◆ ACTIVITY: Could you repeat the data word for word while skipping the pictures?

◆ DATA:
□ □ □ □ □

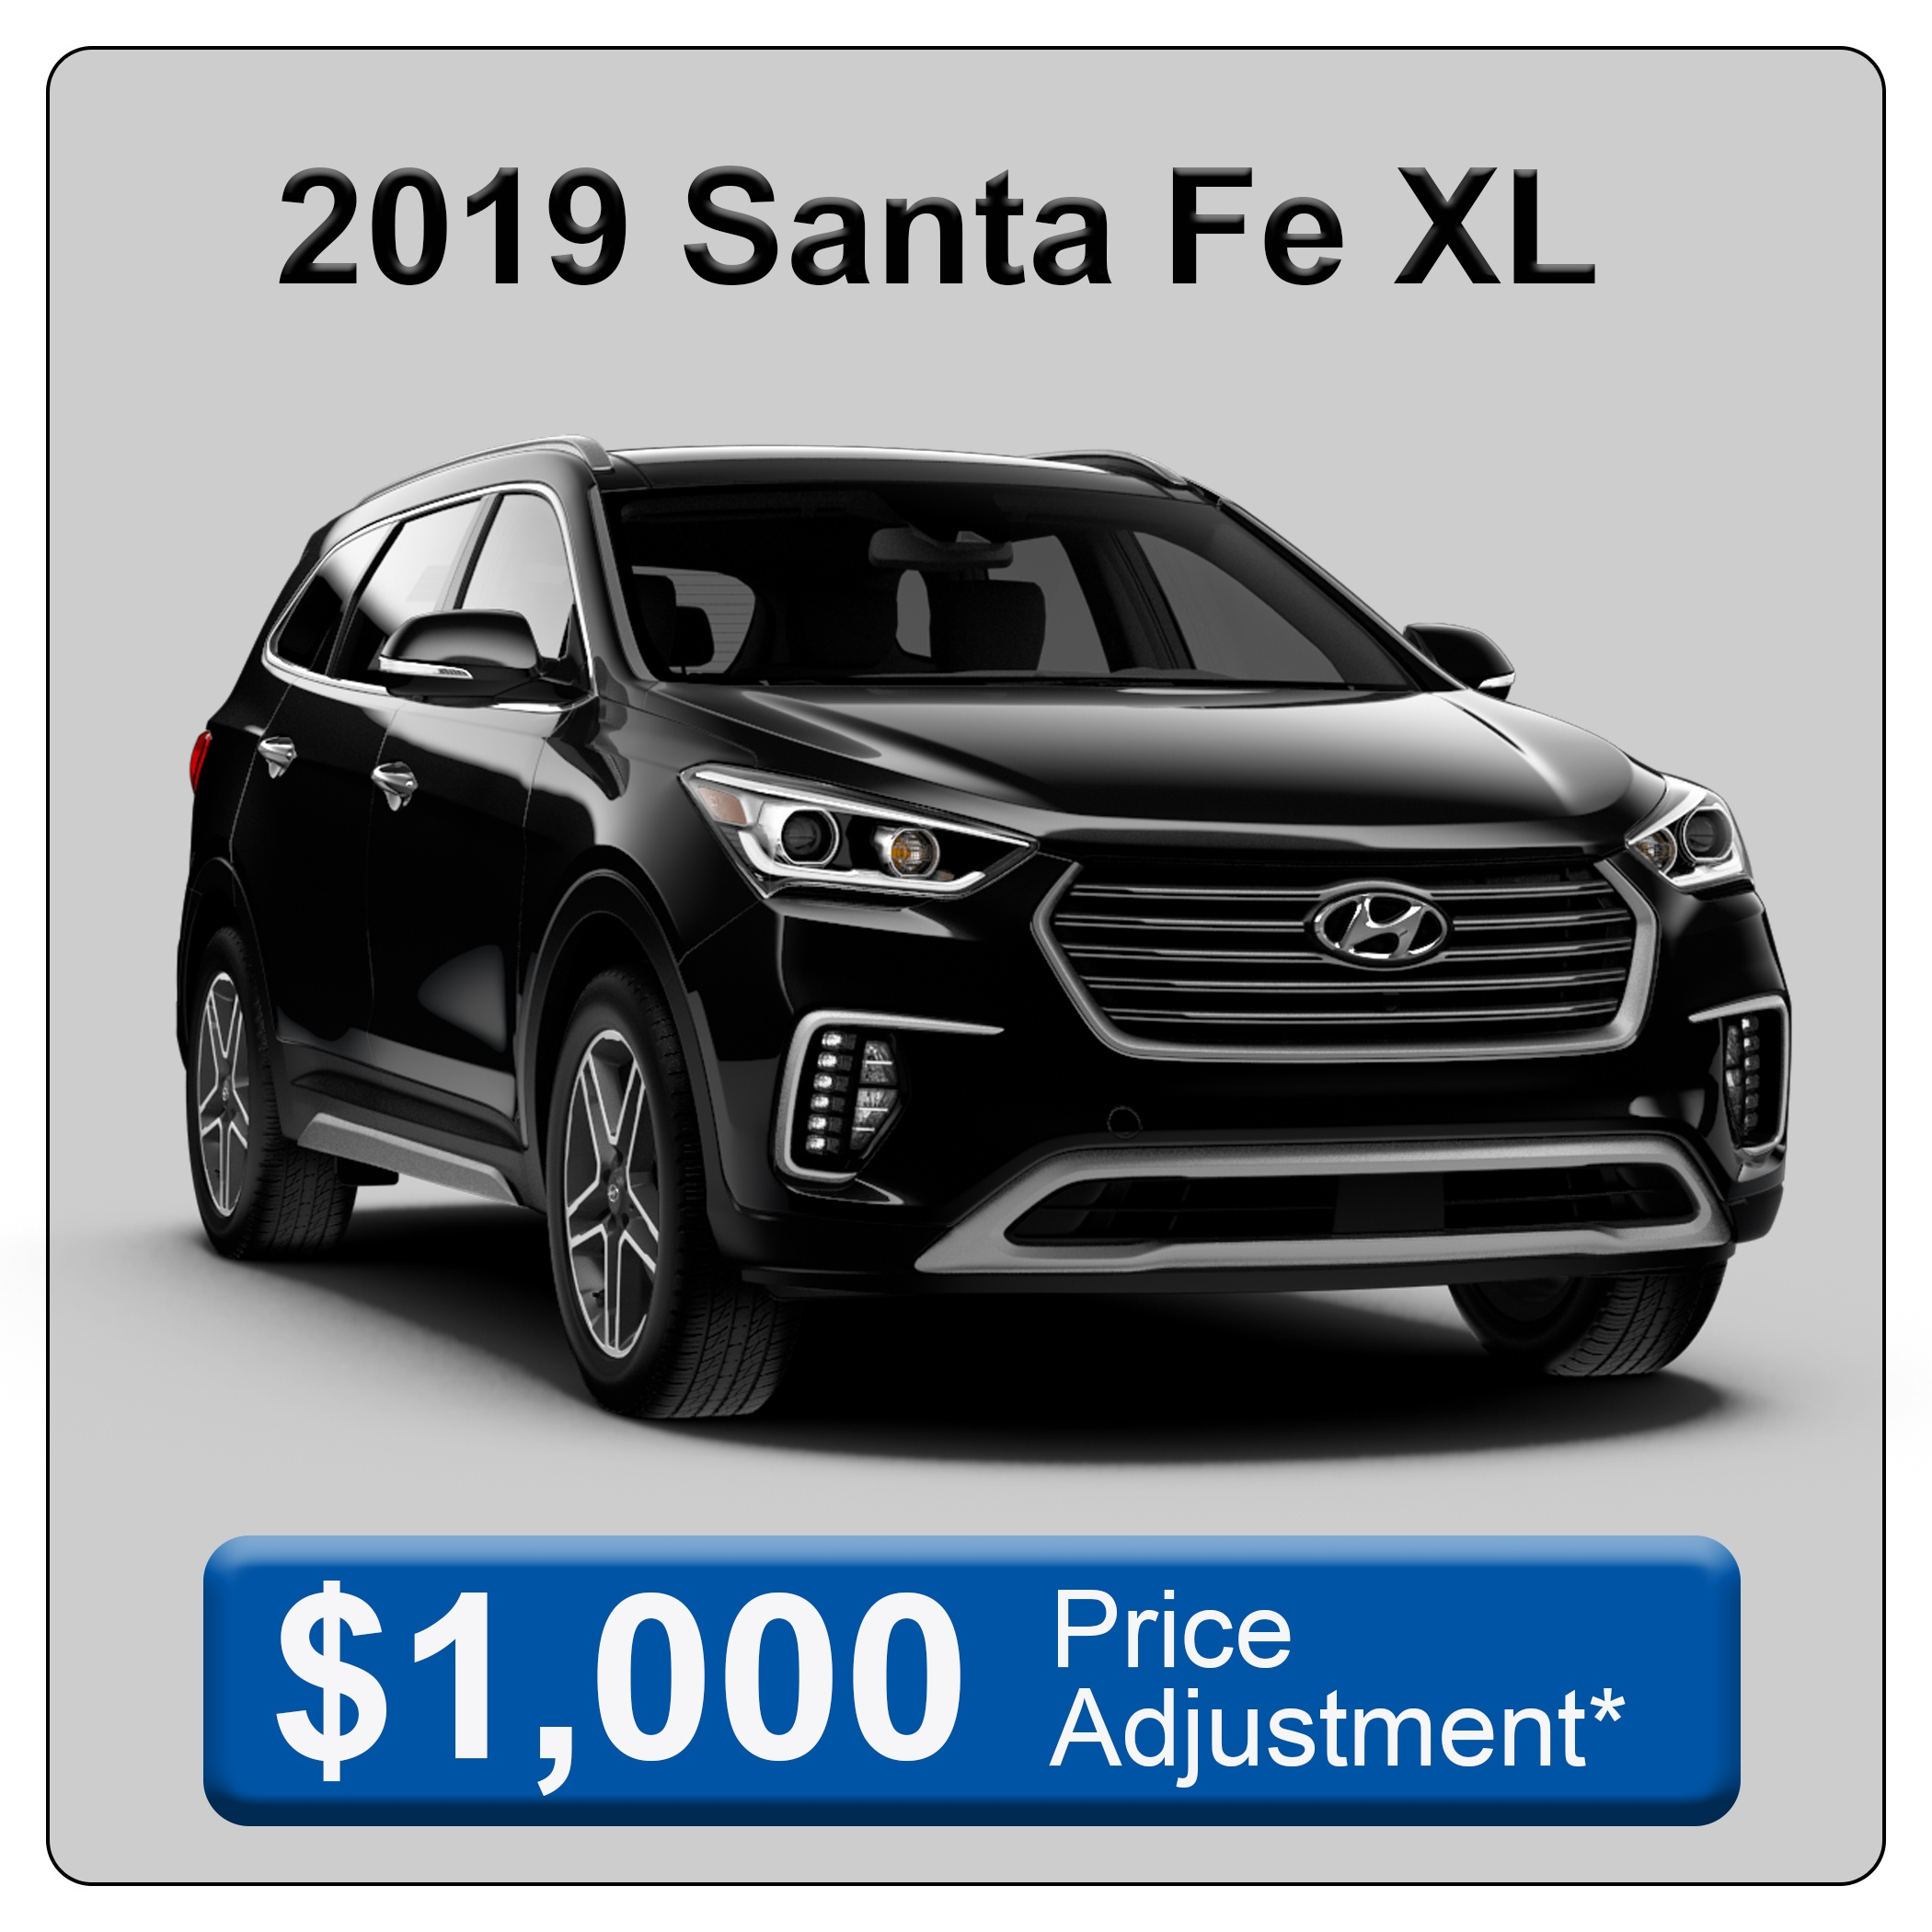 2019 Santa Fe XL
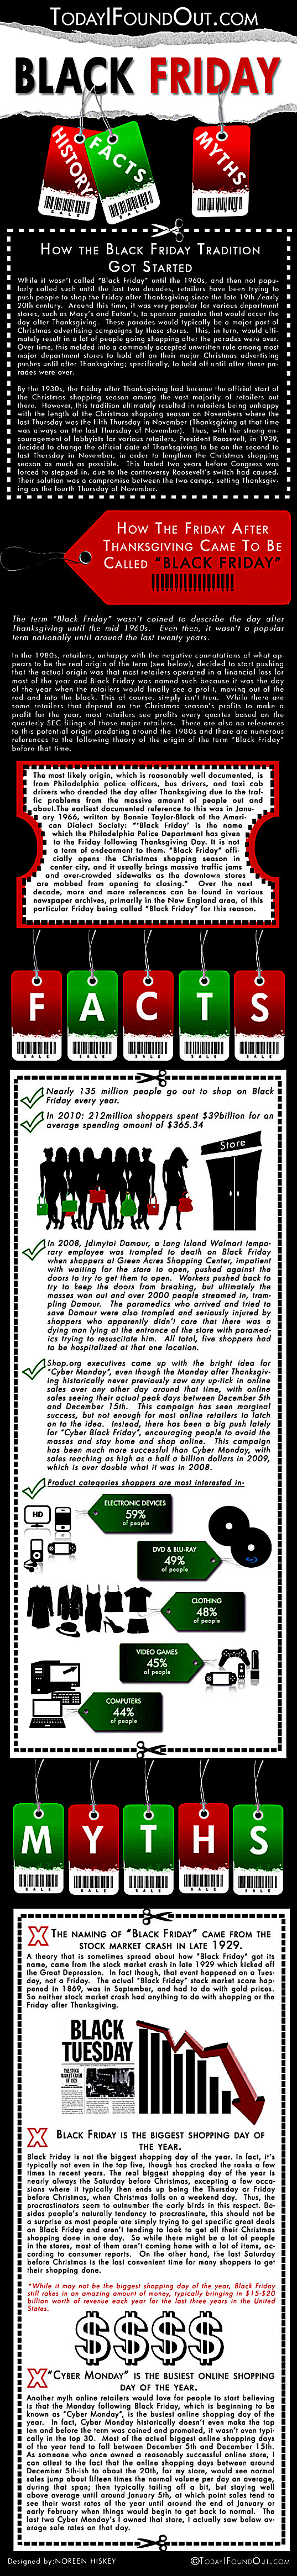 2 black-friday-facts-history--resized-601
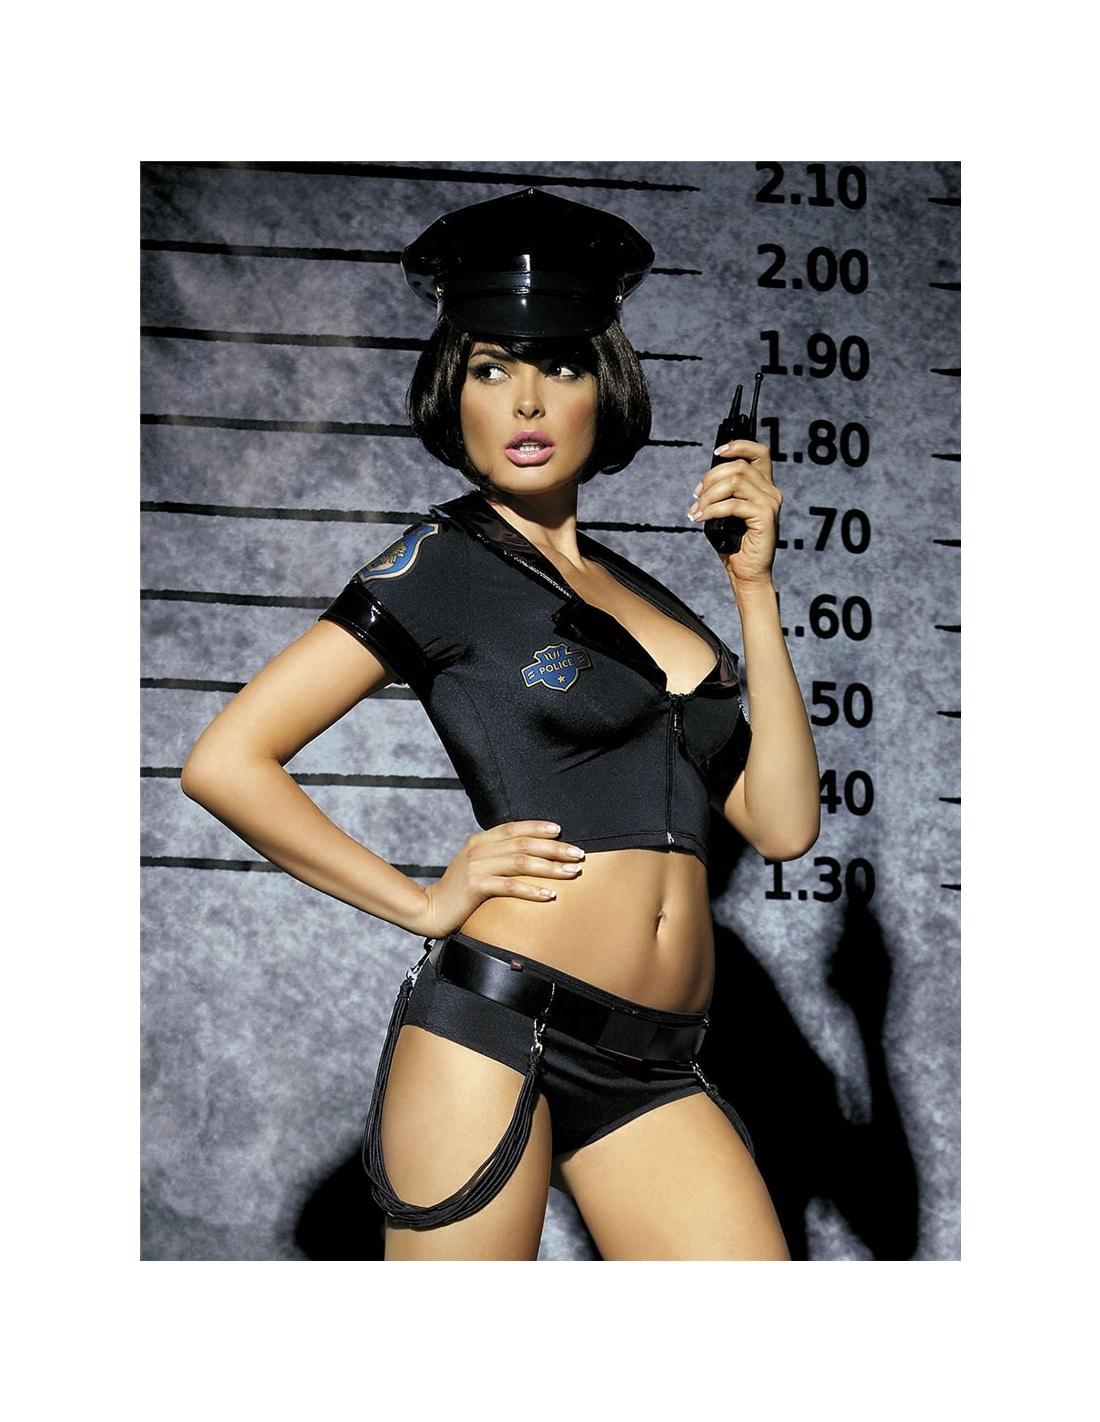 Fantasia Polícia Obsessive - 36-38 S/M - PAOB0922
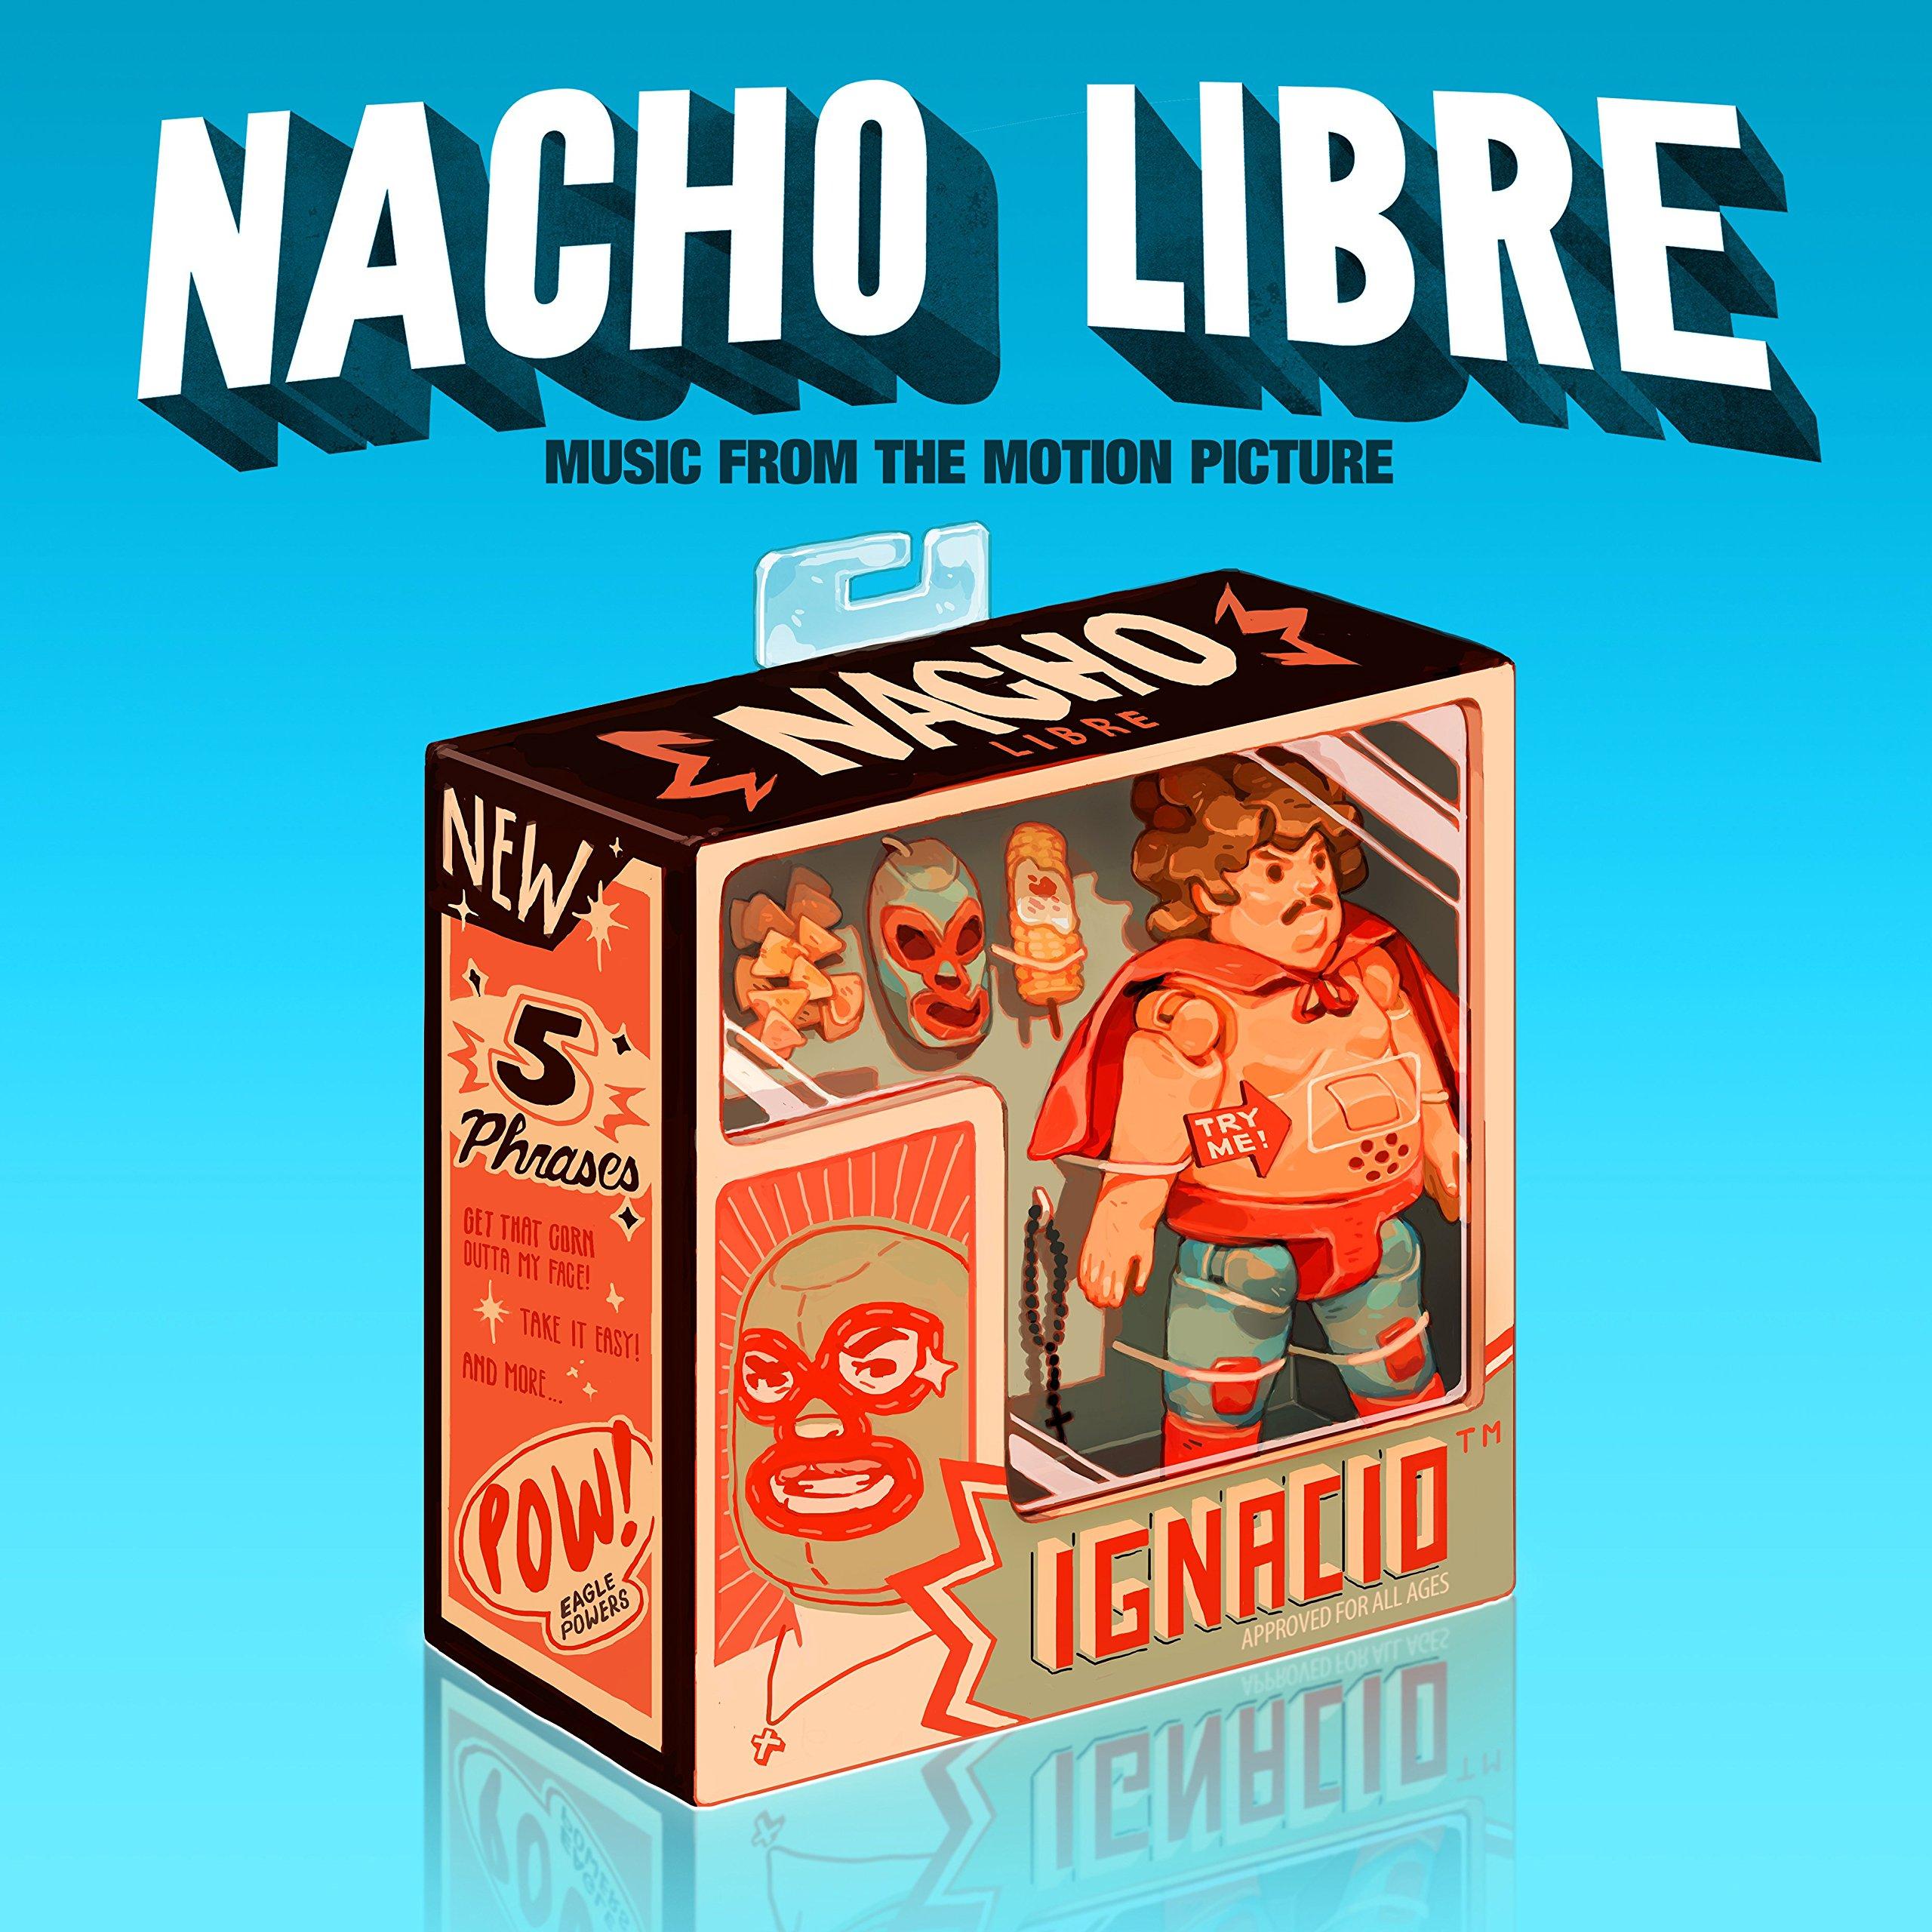 Vinilo : Soundtrack - Nacho Libre (Music from the Motion Picture) (Colored Vinyl, Blue, 2 Disc)

□ □ □ □ □

◆ PROBLEM SOLUTION:
 2019 Santa Fe XL
 2 black-friday-facts-history--resized-601
 Fantasia Polícia Obsessive - 36-38 S/M - PAOB0922
 Vinilo : Soundtrack - Nacho Libre (Music from the Motion Picture) (Colored Vinyl, Blue, 2 Disc)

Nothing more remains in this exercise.